Every line of the listing is returned unchanged, and every picture is dropped.
#### Given material
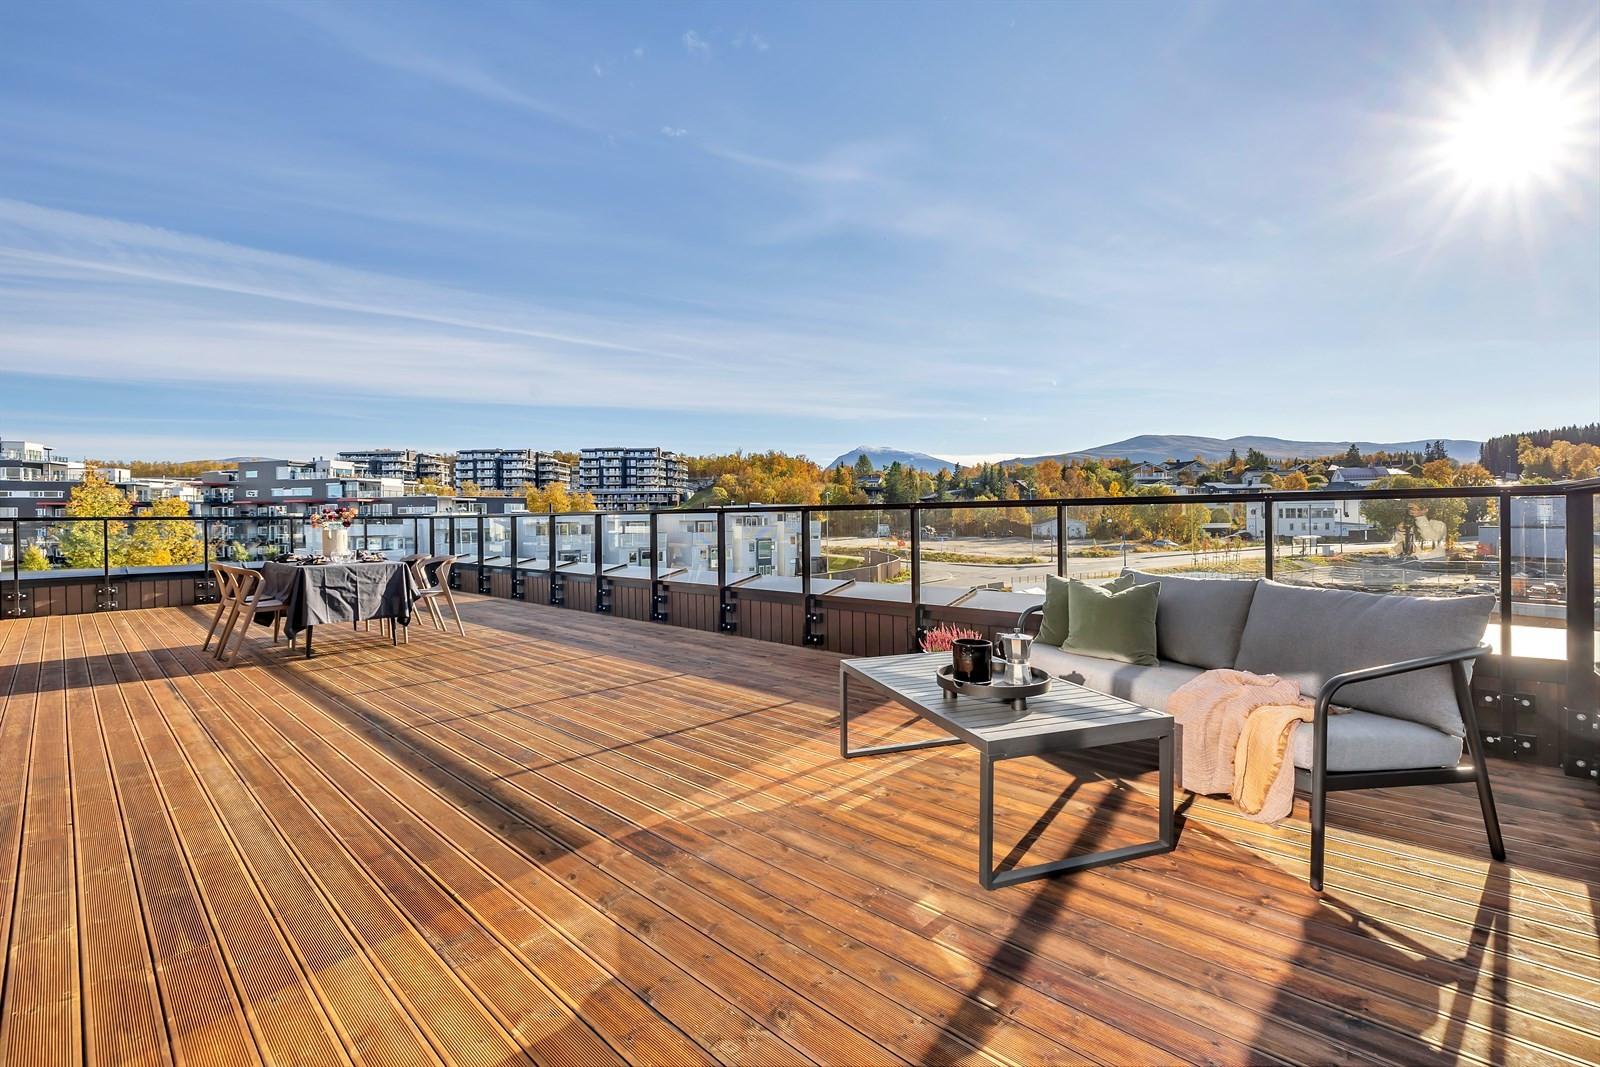 60 kvm terrasse mot sør med fantastiske sol- og utsiktsforhold
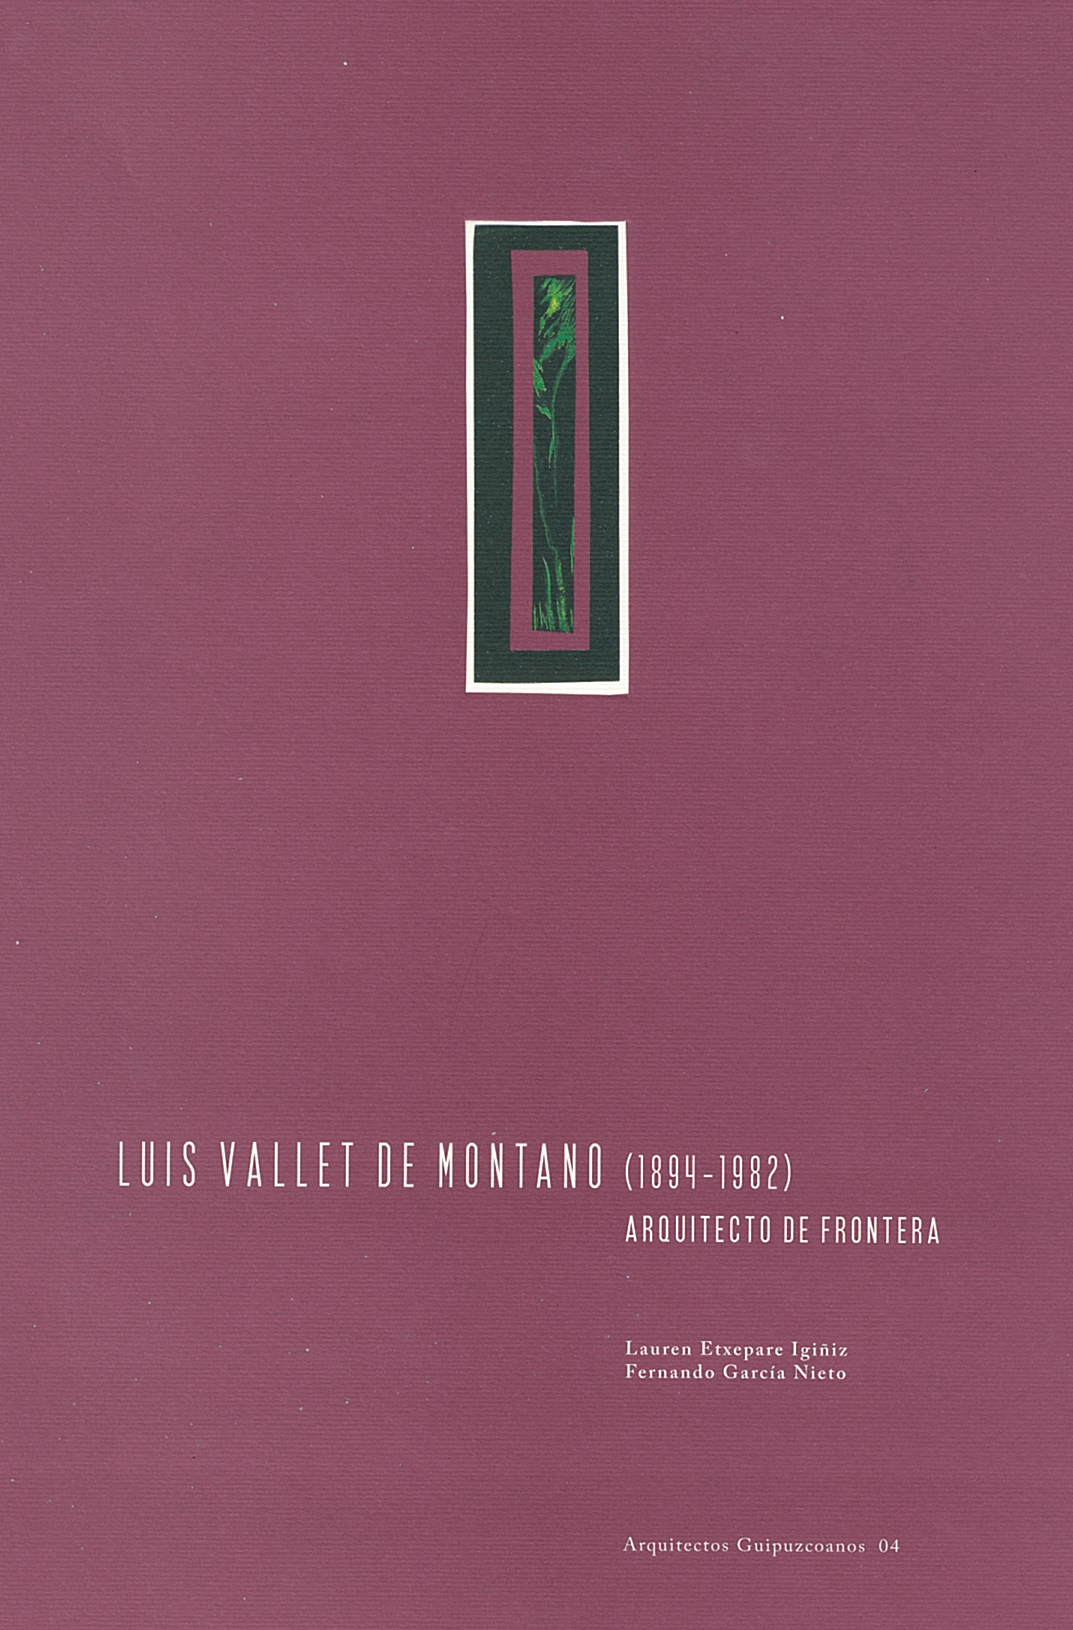 Luis Vallet de Montano (1894-1982). Arquitecto de frontera
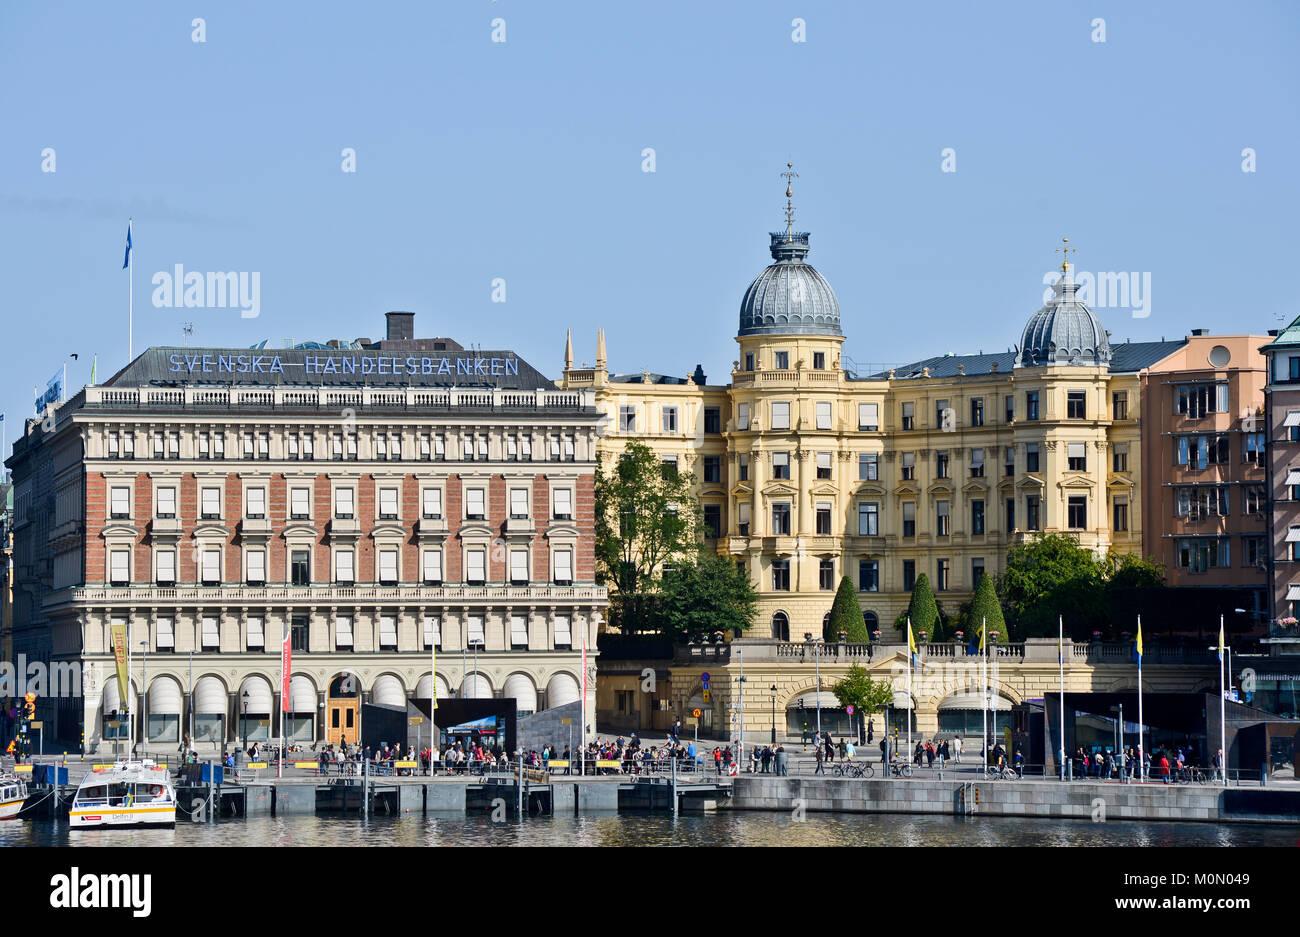 Svenska Handelsbanken, Stockholm, Sweden - Stock Image
########
*Task result*.
 60 kvm terrasse mot sør med fantastiske sol- og utsiktsforhold
 Luis Vallet de Montano (1894-1982). Arquitecto de frontera
 Svenska Handelsbanken, Stockholm, Sweden - Stock Image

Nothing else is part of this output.